Garrett hopes that someday a Garrett will command an Enterprise. Nearly 80 years later Rachel Garrett is in command of the Enterprise C, as seen in The Next Generation 1990 episode "Yesterday's Enterprise".

This episode connects to the rebooted Star Trek films, where despite the change in reality, Spock still turns down a place at the Vulcan Science Academy, being the first person to do so and it is subtly implied he did it out of spite after the admissions council were disrespectful to Spock's human mother.

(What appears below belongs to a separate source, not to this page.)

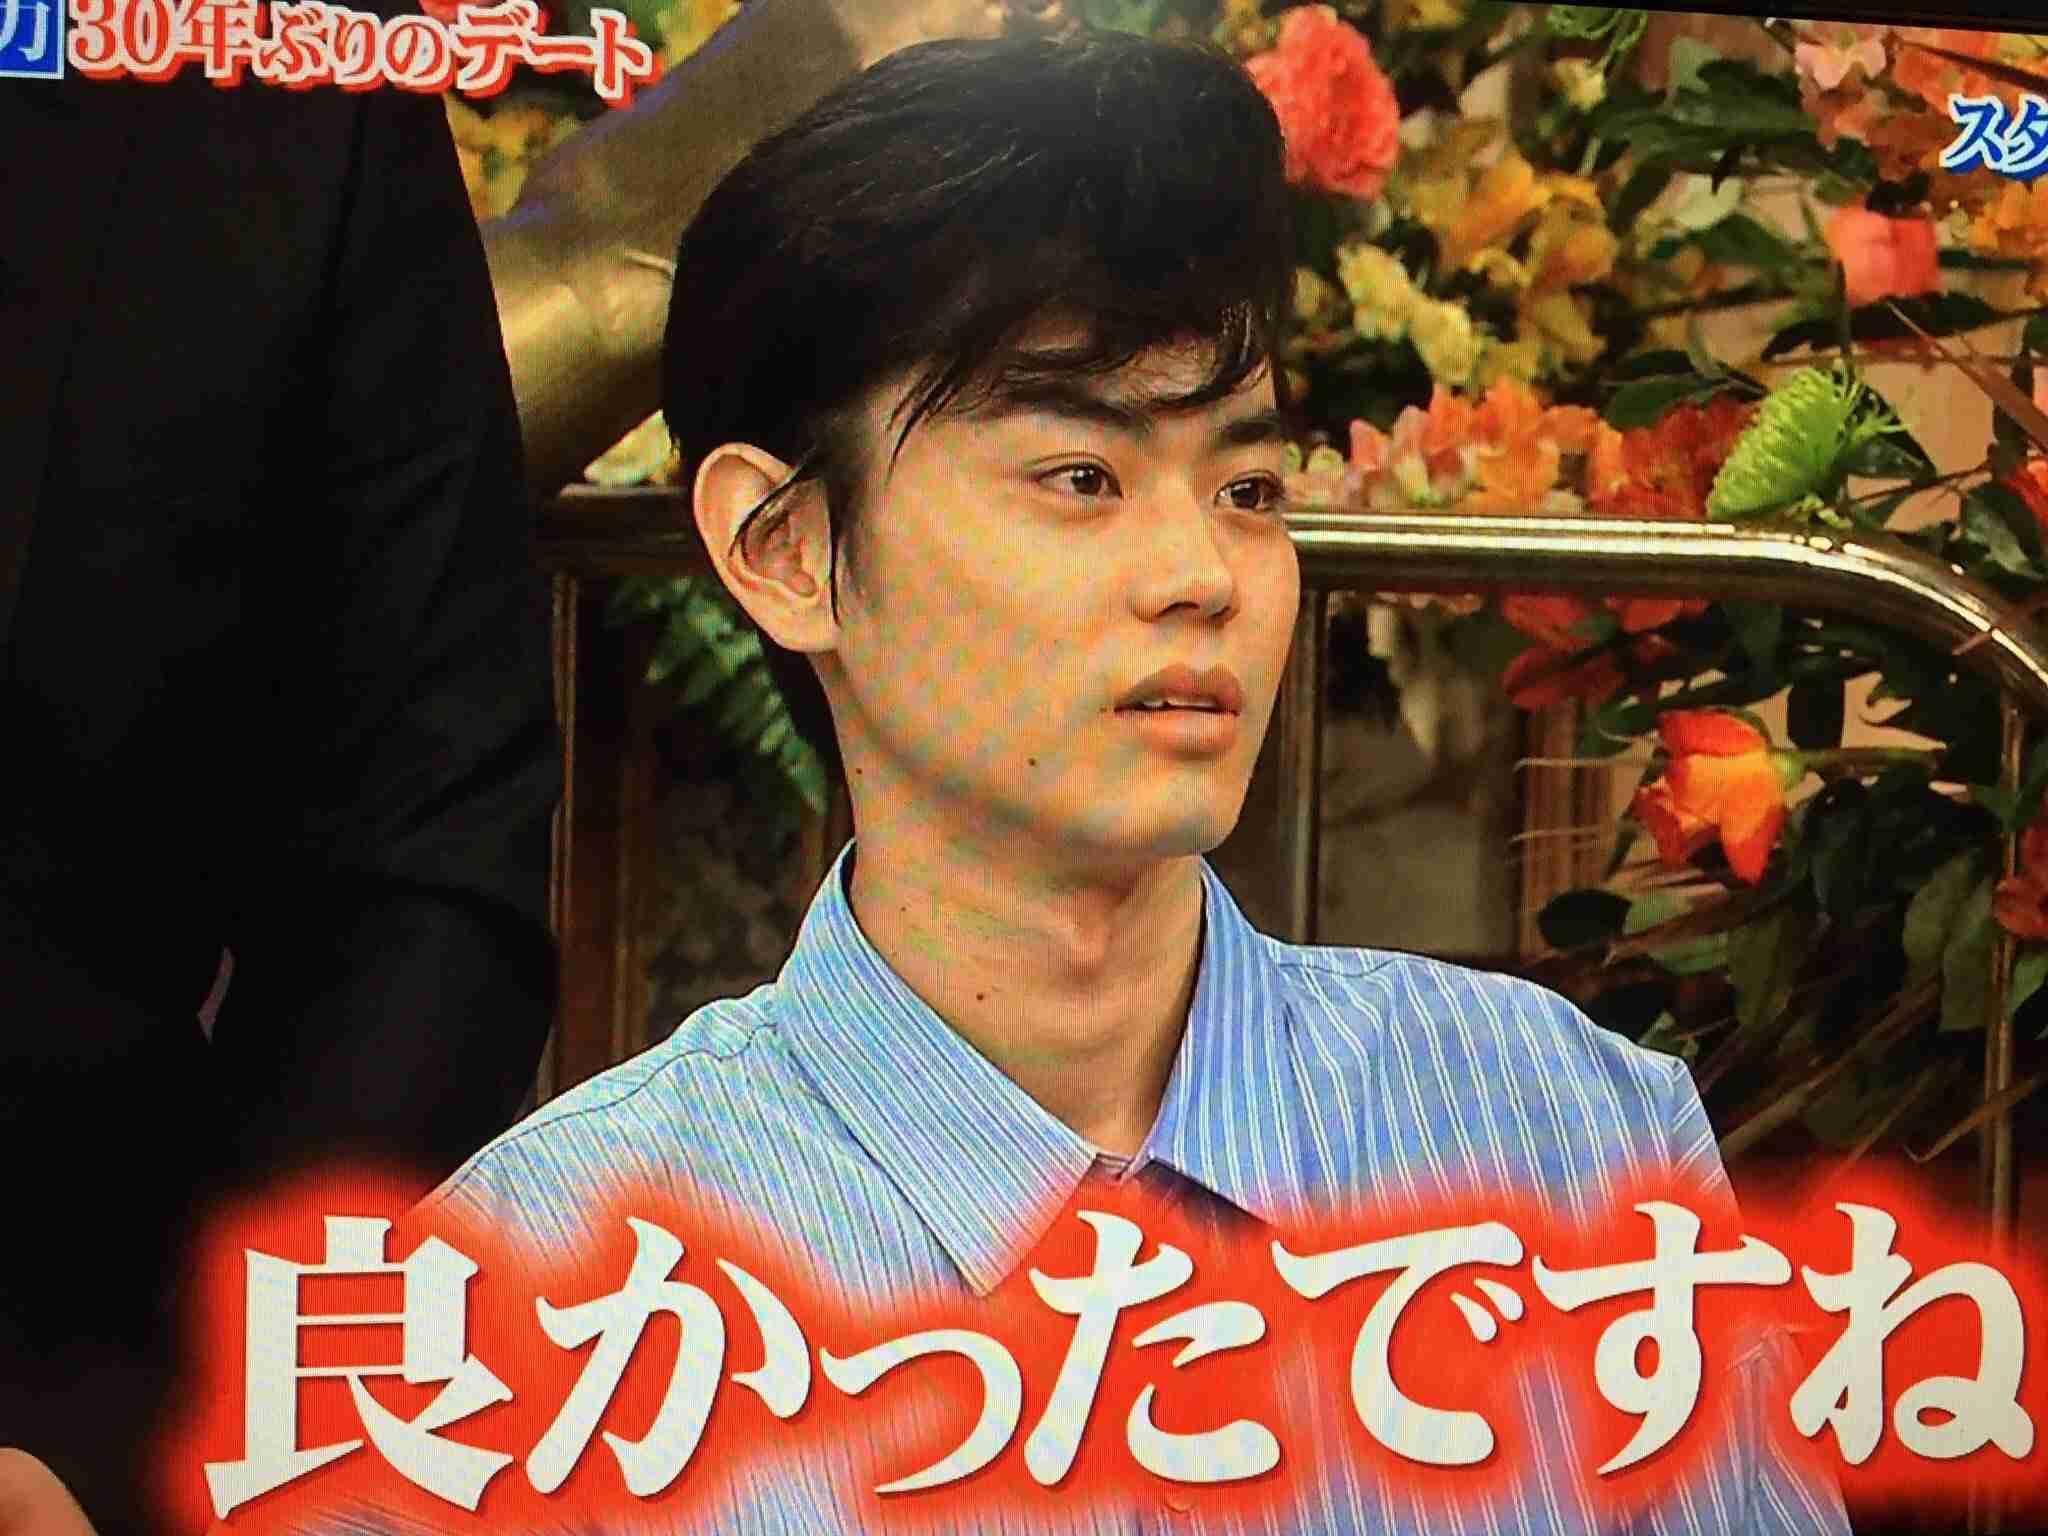 菅田将暉 彼女から言われた別れの言葉「アツすぎてもうついていけない!」

The episode also addresses some inconsistencies regarding female captains in the series. In the Original Series, it is implied in "Turnabout Intruder" by Janice Lester that women cannot be starship captains, which obviously would be discriminatory and not keeping with the Federation's values of equality. However, the line could have also been interpreted in other ways; for example, Lester was mentally unstable and possibly was not able to be a captain because of these issues. Lester was also bitter about her failed relationship with Kirk and may have also been stating as a captain, Kirk would not let her, a woman, get close. Later in the episode, Kirk, while trapped in Lester's body, stated that Lester craved power but her own issues prevented her career from progressing and were why their relationship failed. Leonard Nimoy stated at the time, and later Gene Roddenberry admitted, the line was purely sexist. In this episode, Kirk correctly states that from Starfleet's inception there have been female captains; but Commodore Grey points out they haven't been starship captains. This is consistent with Dr. Lester's line, "your world of starship captains doesn't admit women".

Also of note: in the opening scene of the episode, Sulu mentions that his great(x6) grandfather grew up in an internment camp during WWII. This is no doubt an homage to George Takei, the first actor to portray Sulu during the Original Series run. Takei, in fact, spent time in an internment camp during WWII.

This episode serves as the start of a story arc regarding the mystery of what happened aboard the USS Hood, which is resolved in the series finale.